TASK DESCRIPTION
Keep only the lines that hold the string "costume", filtering out the rest of the entries below.

[[ RECORD SET open ]]

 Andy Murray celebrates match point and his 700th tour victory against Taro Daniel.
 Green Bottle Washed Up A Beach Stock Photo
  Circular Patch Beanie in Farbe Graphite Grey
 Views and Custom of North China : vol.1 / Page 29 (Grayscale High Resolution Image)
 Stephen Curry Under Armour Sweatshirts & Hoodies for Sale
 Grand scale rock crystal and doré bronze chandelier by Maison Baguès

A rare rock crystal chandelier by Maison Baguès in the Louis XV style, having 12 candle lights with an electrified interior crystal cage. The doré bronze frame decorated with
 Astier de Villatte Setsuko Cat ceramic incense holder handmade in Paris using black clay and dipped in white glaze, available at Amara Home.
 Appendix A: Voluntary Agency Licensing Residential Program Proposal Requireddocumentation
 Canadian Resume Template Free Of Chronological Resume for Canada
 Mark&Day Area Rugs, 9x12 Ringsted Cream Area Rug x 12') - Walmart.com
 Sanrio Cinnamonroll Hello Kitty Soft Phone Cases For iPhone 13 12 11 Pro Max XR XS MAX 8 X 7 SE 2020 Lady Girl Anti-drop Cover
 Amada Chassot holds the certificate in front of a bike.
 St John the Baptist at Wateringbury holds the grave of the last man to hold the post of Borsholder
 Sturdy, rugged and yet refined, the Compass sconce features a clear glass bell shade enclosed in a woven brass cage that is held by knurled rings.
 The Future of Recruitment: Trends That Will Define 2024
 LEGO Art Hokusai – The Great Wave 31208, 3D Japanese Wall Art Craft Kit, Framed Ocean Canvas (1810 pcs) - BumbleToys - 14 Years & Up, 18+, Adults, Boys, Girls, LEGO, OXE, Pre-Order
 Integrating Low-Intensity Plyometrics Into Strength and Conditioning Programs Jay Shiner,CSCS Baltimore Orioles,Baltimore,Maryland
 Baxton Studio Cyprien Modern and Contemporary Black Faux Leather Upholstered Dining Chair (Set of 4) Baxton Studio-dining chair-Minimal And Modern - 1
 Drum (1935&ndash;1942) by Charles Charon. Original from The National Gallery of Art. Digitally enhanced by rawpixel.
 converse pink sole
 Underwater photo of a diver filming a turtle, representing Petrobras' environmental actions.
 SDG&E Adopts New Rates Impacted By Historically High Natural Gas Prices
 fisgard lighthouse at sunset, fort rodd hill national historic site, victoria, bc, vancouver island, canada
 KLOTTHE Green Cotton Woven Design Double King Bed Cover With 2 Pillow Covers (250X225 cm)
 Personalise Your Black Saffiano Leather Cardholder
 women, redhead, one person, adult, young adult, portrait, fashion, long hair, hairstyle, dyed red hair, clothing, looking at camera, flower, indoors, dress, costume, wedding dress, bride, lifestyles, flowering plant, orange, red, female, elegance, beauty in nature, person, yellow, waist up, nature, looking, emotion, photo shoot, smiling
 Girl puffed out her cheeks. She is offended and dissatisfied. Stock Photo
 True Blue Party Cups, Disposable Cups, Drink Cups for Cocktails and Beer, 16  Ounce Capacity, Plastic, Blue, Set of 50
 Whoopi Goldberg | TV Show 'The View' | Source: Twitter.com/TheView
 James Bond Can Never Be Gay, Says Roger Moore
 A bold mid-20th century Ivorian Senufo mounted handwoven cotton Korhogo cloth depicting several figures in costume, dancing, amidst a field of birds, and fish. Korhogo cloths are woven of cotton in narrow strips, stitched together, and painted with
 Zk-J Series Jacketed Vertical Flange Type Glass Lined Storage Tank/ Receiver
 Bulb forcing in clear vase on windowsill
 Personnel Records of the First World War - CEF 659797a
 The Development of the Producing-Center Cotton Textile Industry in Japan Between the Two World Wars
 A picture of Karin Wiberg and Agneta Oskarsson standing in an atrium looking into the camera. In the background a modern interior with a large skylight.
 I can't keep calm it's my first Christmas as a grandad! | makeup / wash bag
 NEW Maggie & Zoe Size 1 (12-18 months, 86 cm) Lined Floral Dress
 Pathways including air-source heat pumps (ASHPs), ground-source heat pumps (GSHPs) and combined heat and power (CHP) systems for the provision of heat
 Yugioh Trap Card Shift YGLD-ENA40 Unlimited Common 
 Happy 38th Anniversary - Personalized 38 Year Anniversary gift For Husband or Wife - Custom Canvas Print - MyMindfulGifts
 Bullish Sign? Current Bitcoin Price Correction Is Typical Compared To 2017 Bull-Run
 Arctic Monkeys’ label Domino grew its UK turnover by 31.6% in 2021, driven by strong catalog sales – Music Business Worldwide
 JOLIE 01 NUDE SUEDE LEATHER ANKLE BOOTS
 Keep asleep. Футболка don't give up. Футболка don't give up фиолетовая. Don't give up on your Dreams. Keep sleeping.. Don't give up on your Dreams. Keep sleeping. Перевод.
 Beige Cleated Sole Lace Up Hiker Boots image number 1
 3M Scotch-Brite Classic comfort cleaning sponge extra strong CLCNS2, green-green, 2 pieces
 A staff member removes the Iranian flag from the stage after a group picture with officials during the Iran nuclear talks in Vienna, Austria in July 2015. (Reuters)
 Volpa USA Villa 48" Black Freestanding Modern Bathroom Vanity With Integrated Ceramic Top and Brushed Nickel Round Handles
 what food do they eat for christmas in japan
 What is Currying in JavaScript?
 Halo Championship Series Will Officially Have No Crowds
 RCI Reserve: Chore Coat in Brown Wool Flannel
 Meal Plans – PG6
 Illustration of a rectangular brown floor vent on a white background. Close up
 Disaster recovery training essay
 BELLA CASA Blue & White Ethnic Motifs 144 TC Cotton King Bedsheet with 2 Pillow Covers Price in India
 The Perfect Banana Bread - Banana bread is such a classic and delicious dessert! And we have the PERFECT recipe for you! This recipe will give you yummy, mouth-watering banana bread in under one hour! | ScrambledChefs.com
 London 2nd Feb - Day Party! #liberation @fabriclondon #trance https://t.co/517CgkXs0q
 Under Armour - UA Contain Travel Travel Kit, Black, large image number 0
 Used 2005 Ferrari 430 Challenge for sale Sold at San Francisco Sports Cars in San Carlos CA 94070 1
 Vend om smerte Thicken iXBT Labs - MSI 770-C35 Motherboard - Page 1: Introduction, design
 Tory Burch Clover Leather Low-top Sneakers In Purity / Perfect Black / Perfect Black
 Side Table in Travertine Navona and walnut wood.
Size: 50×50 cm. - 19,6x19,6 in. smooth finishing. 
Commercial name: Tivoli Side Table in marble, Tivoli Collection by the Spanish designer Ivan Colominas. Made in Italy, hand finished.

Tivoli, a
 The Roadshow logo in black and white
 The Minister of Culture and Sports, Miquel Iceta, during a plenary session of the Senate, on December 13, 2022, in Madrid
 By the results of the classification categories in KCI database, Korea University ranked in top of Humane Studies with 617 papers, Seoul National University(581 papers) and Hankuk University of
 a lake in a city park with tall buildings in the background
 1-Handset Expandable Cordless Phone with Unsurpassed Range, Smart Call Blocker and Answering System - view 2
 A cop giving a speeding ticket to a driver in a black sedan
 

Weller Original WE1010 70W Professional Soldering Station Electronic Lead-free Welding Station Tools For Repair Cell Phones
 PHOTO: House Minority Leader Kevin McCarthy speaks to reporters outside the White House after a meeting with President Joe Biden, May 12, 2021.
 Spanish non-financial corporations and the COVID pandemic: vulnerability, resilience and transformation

[[ RECORD SET closed ]]

RESULT OF THIS TASK
 women, redhead, one person, adult, young adult, portrait, fashion, long hair, hairstyle, dyed red hair, clothing, looking at camera, flower, indoors, dress, costume, wedding dress, bride, lifestyles, flowering plant, orange, red, female, elegance, beauty in nature, person, yellow, waist up, nature, looking, emotion, photo shoot, smiling
 A bold mid-20th century Ivorian Senufo mounted handwoven cotton Korhogo cloth depicting several figures in costume, dancing, amidst a field of birds, and fish. Korhogo cloths are woven of cotton in narrow strips, stitched together, and painted with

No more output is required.